Case Study 1: ShopSmart Customer Segmentation for Targeted A/B Tests

DataField.Dev

Case Study 1: ShopSmart Customer Segmentation for Targeted A/B Tests

Background

ShopSmart is a mid-market e-commerce platform with 200,000 monthly active customers, $180M in annual GMV, and a marketing team that has been running A/B tests on a one-size-fits-all basis. Every customer sees the same email campaigns, the same homepage promotions, the same cart abandonment nudges. The results have been mediocre: a 2.1% email click-through rate, a 12% homepage conversion rate, and a cart abandonment recovery rate of 6%.

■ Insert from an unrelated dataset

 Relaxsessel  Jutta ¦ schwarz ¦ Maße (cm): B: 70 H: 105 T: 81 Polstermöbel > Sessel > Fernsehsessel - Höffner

The VP of Marketing, Priya Desai, has a hypothesis: "We are averaging across customers who behave completely differently. A high-value loyalist does not respond to the same incentive as a deal-seeker. If we can segment our customers into coherent groups, we can run targeted A/B tests within each segment and find what actually works."

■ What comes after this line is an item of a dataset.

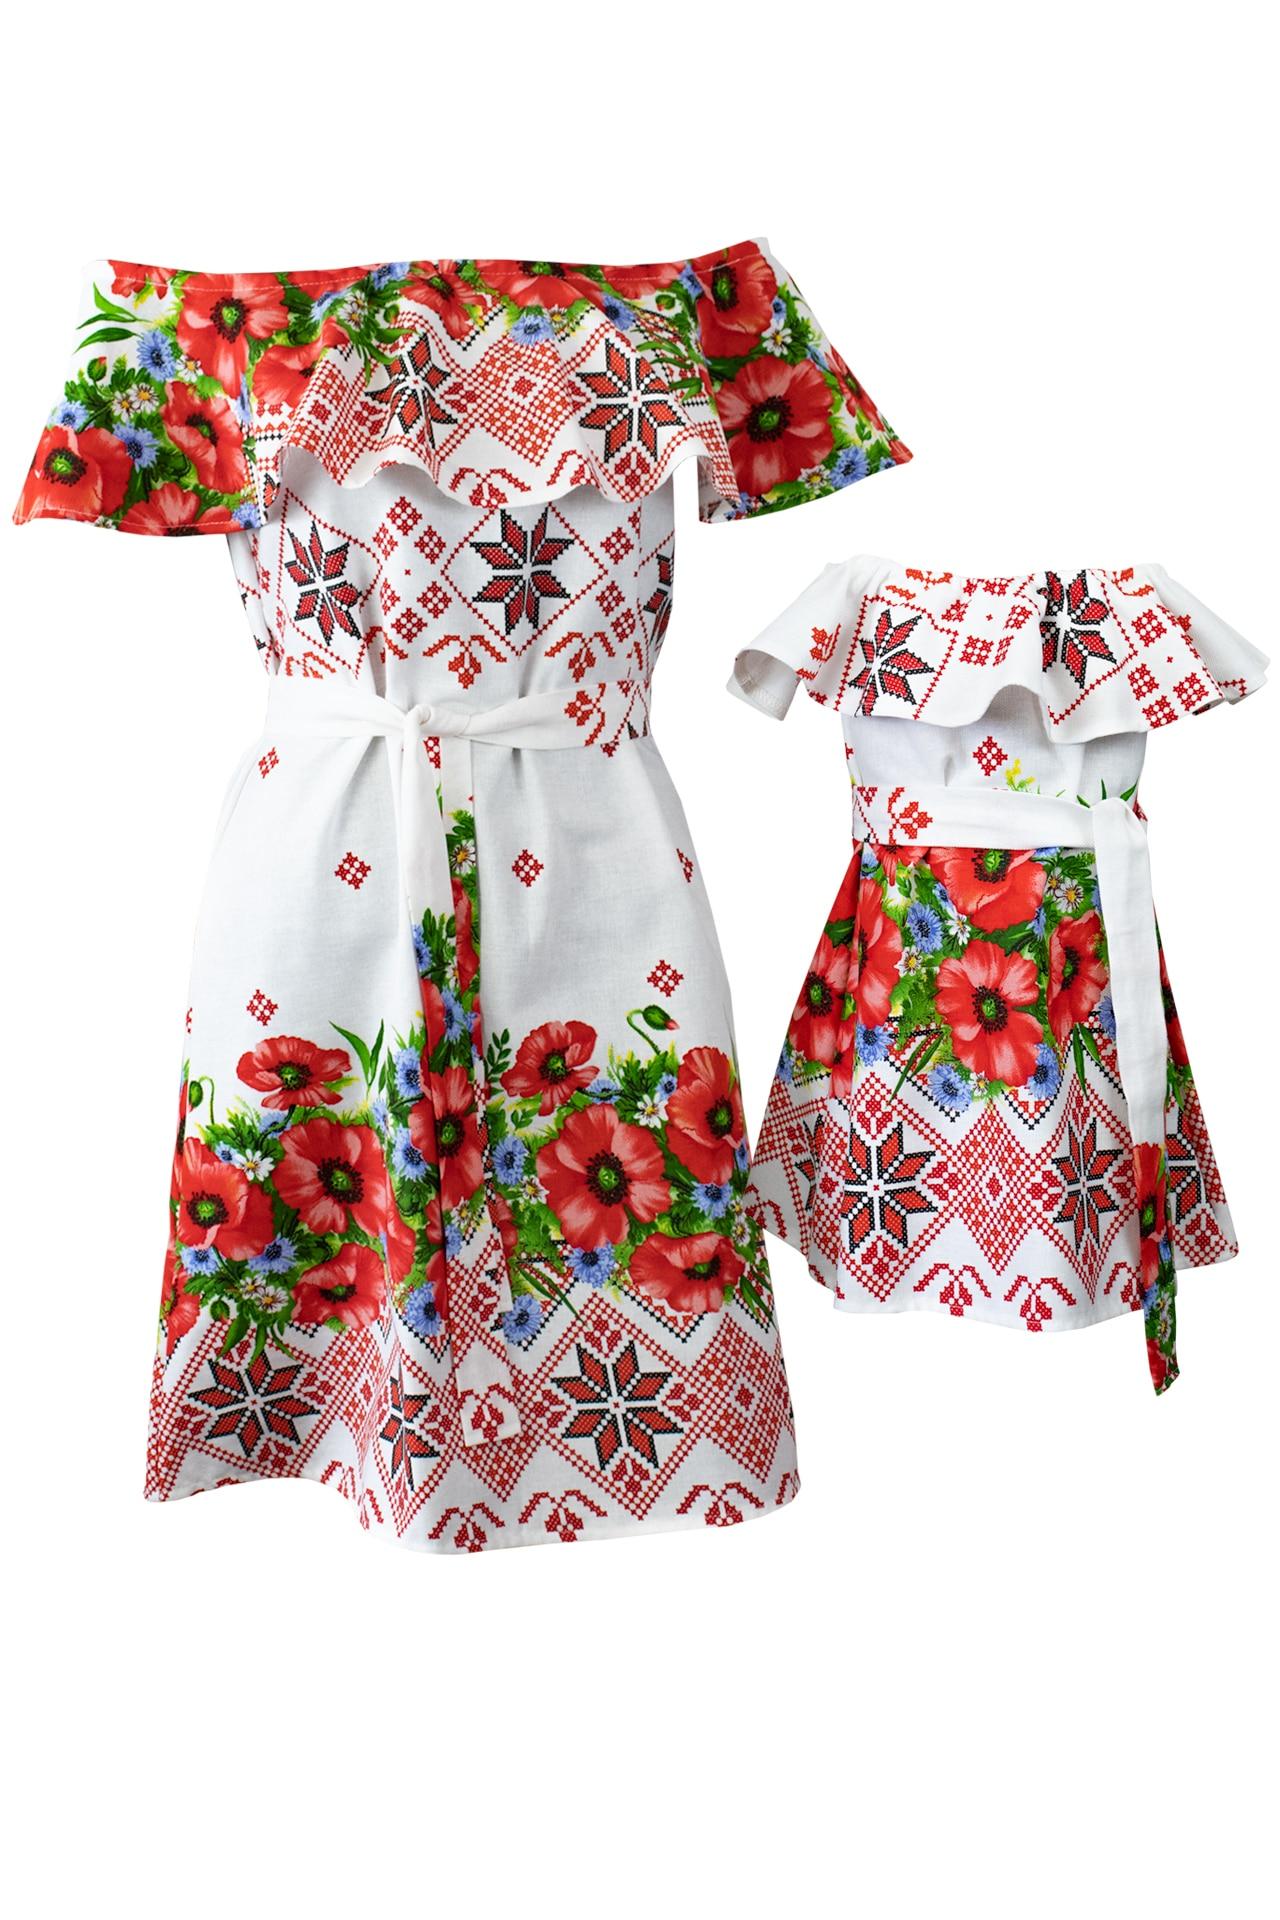 Set mama/ fiica rochii albe cu imprimeu traditional floral, marimea S + 1/2 ani

She is probably right. This case study builds the segmentation.

The Data

ShopSmart's data warehouse contains 18 months of transaction and behavioral data. After feature engineering, the analysis dataset has 200,000 customers and 8 features:

import numpy as np
import pandas as pd
from sklearn.preprocessing import StandardScaler
from sklearn.cluster import KMeans, DBSCAN, AgglomerativeClustering
from sklearn.metrics import silhouette_score, silhouette_samples, calinski_harabasz_score
import matplotlib.pyplot as plt

np.random.seed(42)
n = 200_000

# Simulate three latent customer types with overlap
type_labels = np.random.choice([0, 1, 2], n, p=[0.30, 0.40, 0.30])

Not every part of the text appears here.